Bom. Em Anecoicas, a proposta de constituir num mesmo momento e com o mesmo mecanismo obra e preço, é uma tentativa aguda de contaminar a esfera da arte. Converter a obra numa mercadoria, mas, uma mercadoria onde o valor corresponde já não ao tempo de trabalho, mas sim a um tempo completamente aleatório: a quantidade de minutos do percurso onde foi gravado o som que constitui a peça. Deste modo, Anecoicas estabelece um jogo entre obra e mercadoria interessante, atual e, além do mais, necessário para nosso momento.
Porém, trata-se de um jogo que não consegue se desenvolver na peça. Anecoicas se dissolve porque a equação entre longitude do túnel e valor da obra, não chega a propor uma tensão efetiva. Fica na superfície e o espectador não alcança a abrir o leque de possibilidades que poderiam ser trabalhadas. Em resumo, não alcança a profunda problemática que a obra está apontando: um mundo dominado por um sistema de intercâmbios cujas mercadorias já não têm nada a ver com as horas trabalhadas. De fato, trata-se de mercadorias que parecem estabelecer seu valor sozinhas, sem nenhum tipo de colaboração humana.
Assim, é preciso elaborar a obra. E mais uma coisa: falta pôr os preços à vista. Na fala de Cristina, o fato do preço passou como uma anedota rápida, quase gratuita, e nas fotos da exposição Anecoicas, os valores não apareciam por parte nenhuma.
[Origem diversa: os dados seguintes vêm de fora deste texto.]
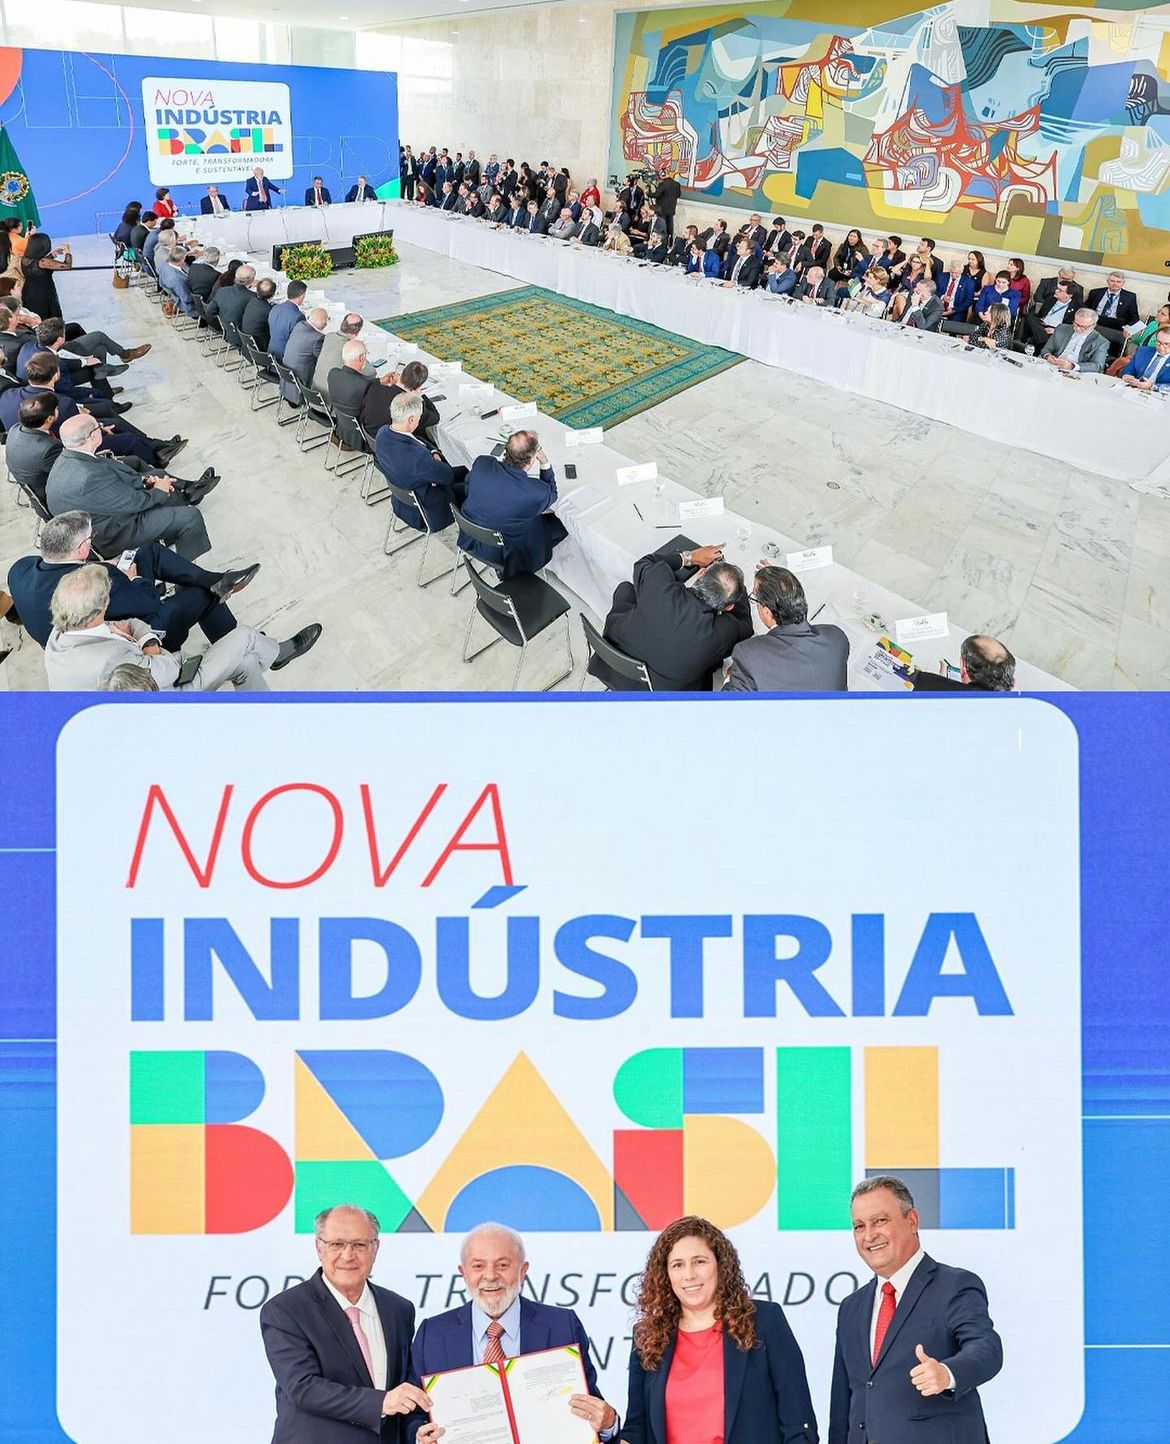 Nova Indústria Brasil: Forte, Transformadora E Sustentável

Esse detalhe pode ser irrelevante, porém parecia confirmar a rejeição propriamente moderna de misturar arte e valor: obra - dinheiro.
Um tipo de rejeição singular, pois, trata-se de um fenômeno que somente ocorre quando os preços não alcançam serem exuberantes, desmedidos, gigantescos. Em casos como a compra do Pollock n° 5 feita por David Martínez, em 2006; uma transação de $140 milhões de dólares, o valor foi tão grande, tão inapreensível, que alcançou a mesma condição abstrata da obra, e deixou de ser um detalhe incômodo para se transformar numa espécie de confirmação da qualidade estética.
Em resumo. A problemática entre preço e obra de arte precisa ser abordada: uma galeria que exponha os preços junto com as obras perderia toda elegância possível, perderia toda sua estética. E isso é o que justamente estamos tentando fazer desde os anos 50, mandar a estética da modernidade plantar batata.
Final
As palestras chegaram ao seu fim. Todos saímos à Teodoro Baima e ali ficamos, na calçada, conversando para, somente depois, passar a última parte do evento: comer no restaurante da frente um ceviche peruano que, posso afirmar, estava delicioso.